Along the way, he wrote at least 40 books, perhaps none more famous than 1986’s “A Season on the Brink,” in which Feinstein embedded for a season with the Indiana University basketball team and extensively wrote about its polarizing coach, Bob Knight. The Post’s Matt Schudel and Brian Murphy wrote that the book was “immediately recognized as a breakthrough in sports writing. Instead of deifying a successful coach, Mr. Feinstein portrayed Knight in all his complexities, which combined a sensitivity toward his players with a volatile, uncontrollable temper often marked by obscenity-laden tirades.”

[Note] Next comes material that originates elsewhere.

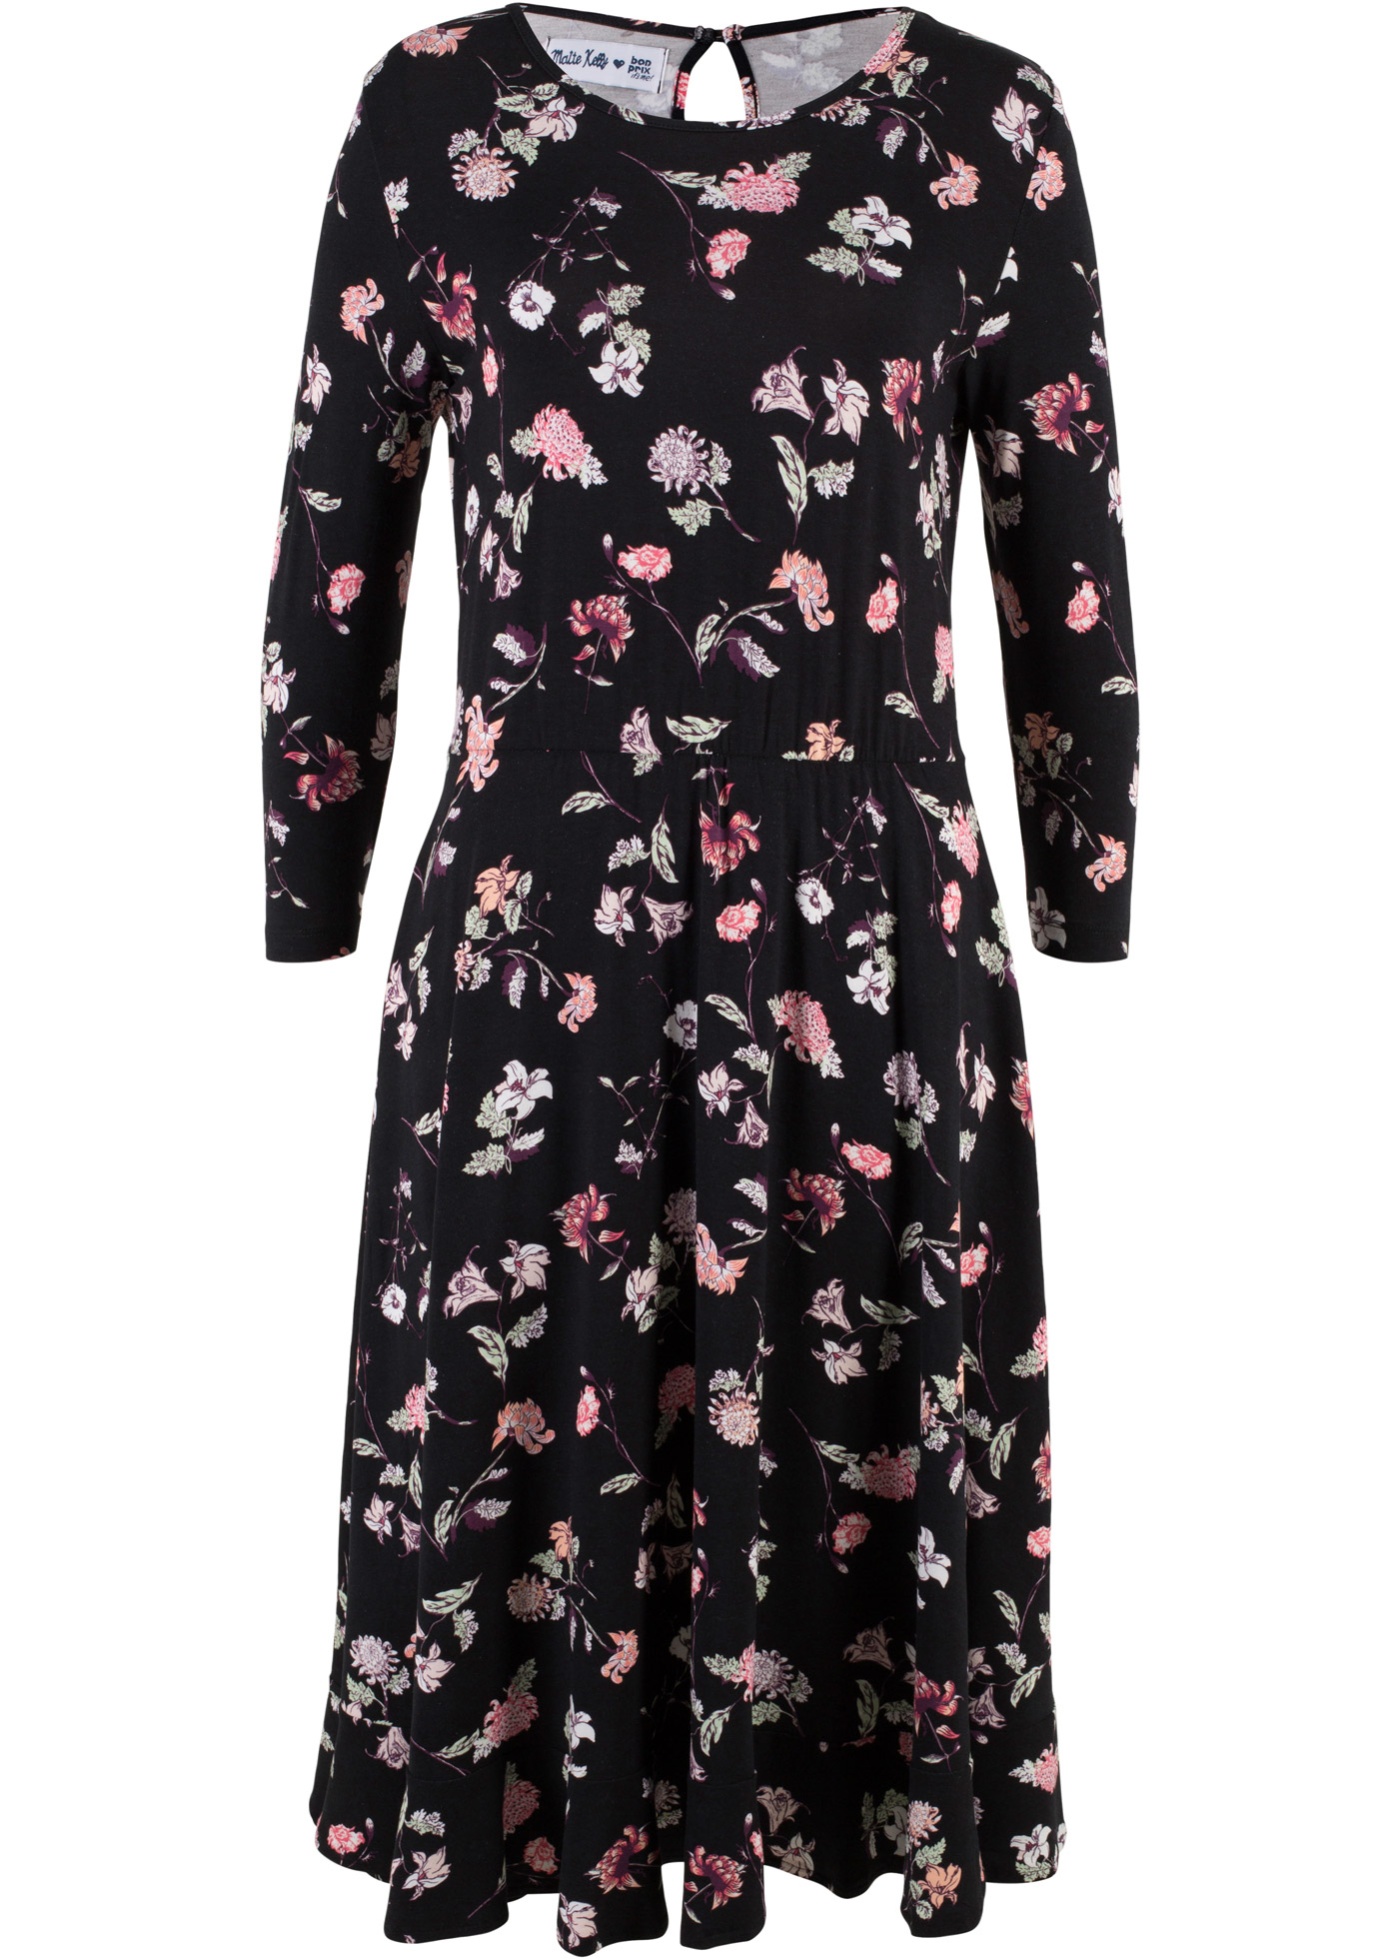 Валберис платье шифон. Bonprix платье от Maite Kelly. Платье Золла цветочный принт. Бонприкс платье в цветочек. Черное платье в цветочек.

While Feinstein specialized in writing about college basketball and golf, he could and did write about all sports. He filed his final column on Wednesday and it was published on Thursday. It was about the Michigan State basketball coach: “Tom Izzo is having too much fun to stop coaching now.”

Check it out

If you haven’t seen it yet, be sure to check out this terrific story by my Poynter colleague, Amaris Castillo: “TMZ’s scoop on Michael Jackson’s death marked the moment digital news overtook legacy media.”

The story is a part of our Poynter 50 — a series that reflects on 50 moments and people that shaped journalism over the past half-century and continue to influence its future.

Castillo looks back at how TMZ’s big scoop and overall business model “reshaped expectations for breaking news. It forced traditional newsrooms to rethink their approach, not just in entertainment journalism but across all beats.”

Media news, tidbits and interesting links for your weekend review …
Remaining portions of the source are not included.